17) Is there a consistent pattern of experiments that cluster together under most distance metrics? Does this tell you anything about the data set? Are there any distance metrics that produce markedly different results from the majority?
18) In the file menu select "Save project" to save your clustering results. The saved project consists of a .txt file and a matching .xml file.
19) Open the Respiratory Response (Respiratory_response_genesis.txt) data set from the file menu in Genesis.

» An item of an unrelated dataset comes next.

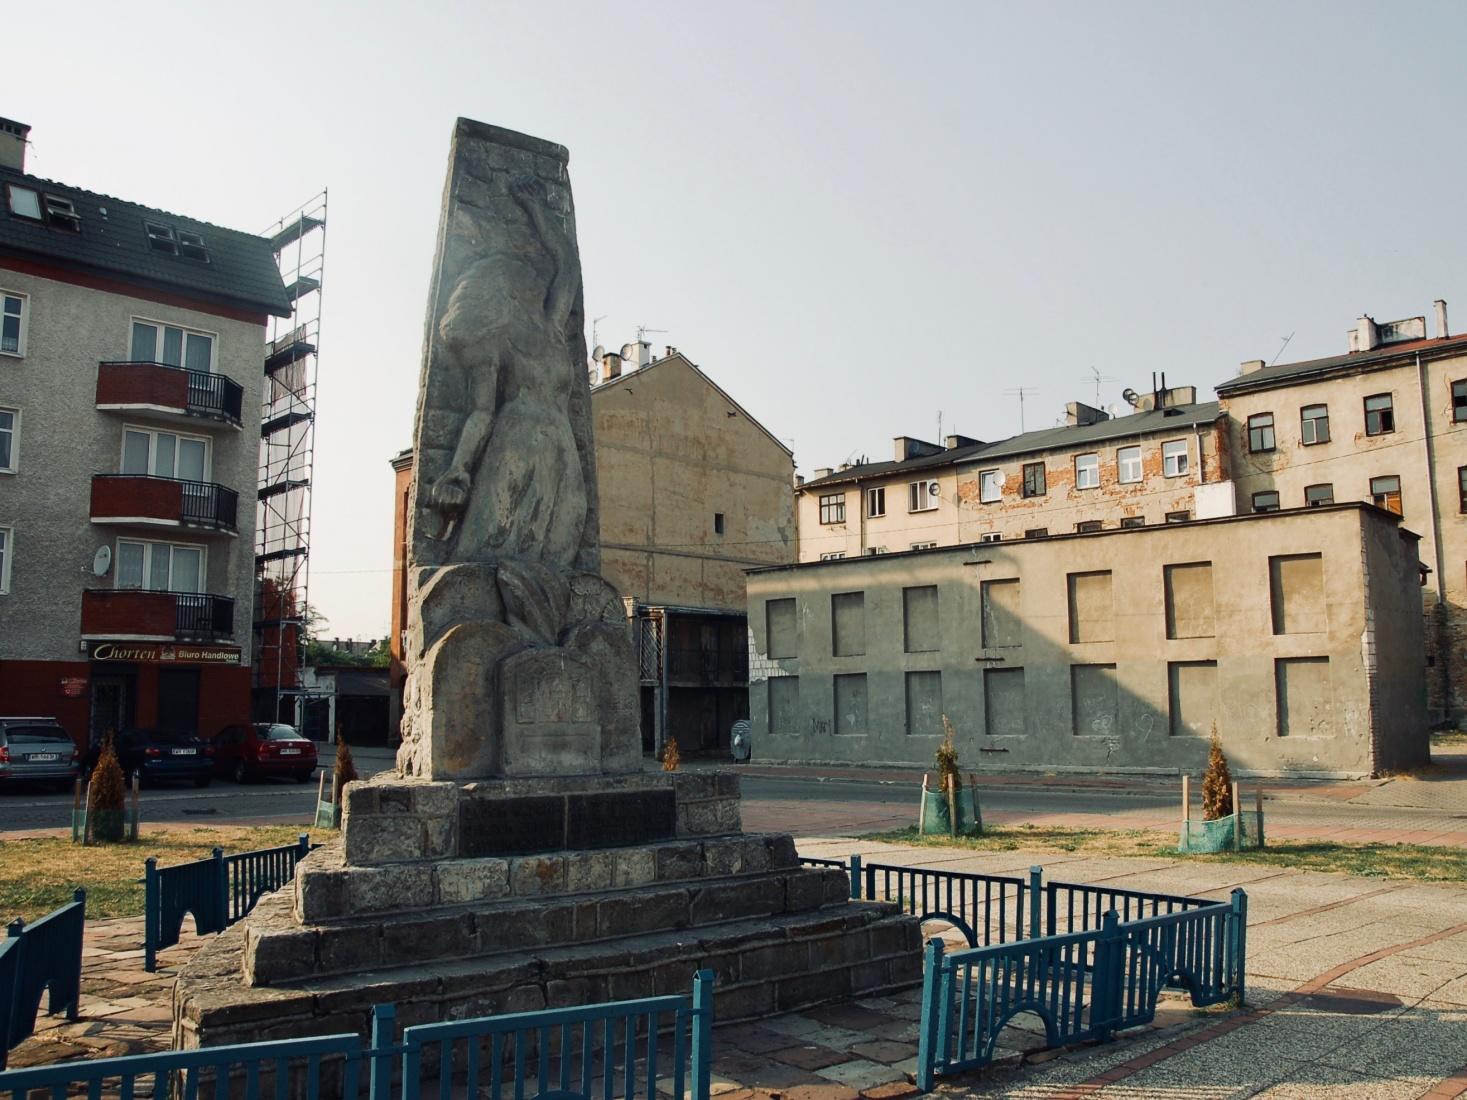 A Holocaust memorial in Radom, Poland, marking the site of a former synagogue.

20) Cluster experimental conditions with similar expression profiles using a) the Pearson correlation (same as #11 above), and b) using Euclidean distance. Which experiments cluster together now? How does this compare with the clustering pattern obtained with the temporal response data? What does this say about the statistical analyses used to separate loci that responded to respiratory conditions from those that responded to temporal conditions?
21) Can you identify any loci that are in both the temporal response dataset and the respiratory response dataset? If so, how can you explain the occurrence of some loci in both sets?
22) Open the complete set of expression profiles for all loci in the P. aerophilum genome  (All_loci_genesis.txt) from the file menu in Genesis. Repeat the clustering of experimental conditions using a) the Pearson correlation and b) Euclidean distance. Which experiments cluster together now? What does this say about prevalent patterns genome-wide, i.e. does the clustering of experiments using the whole genome data set more strongly reflect temporal responses, respiratory responses, or neither?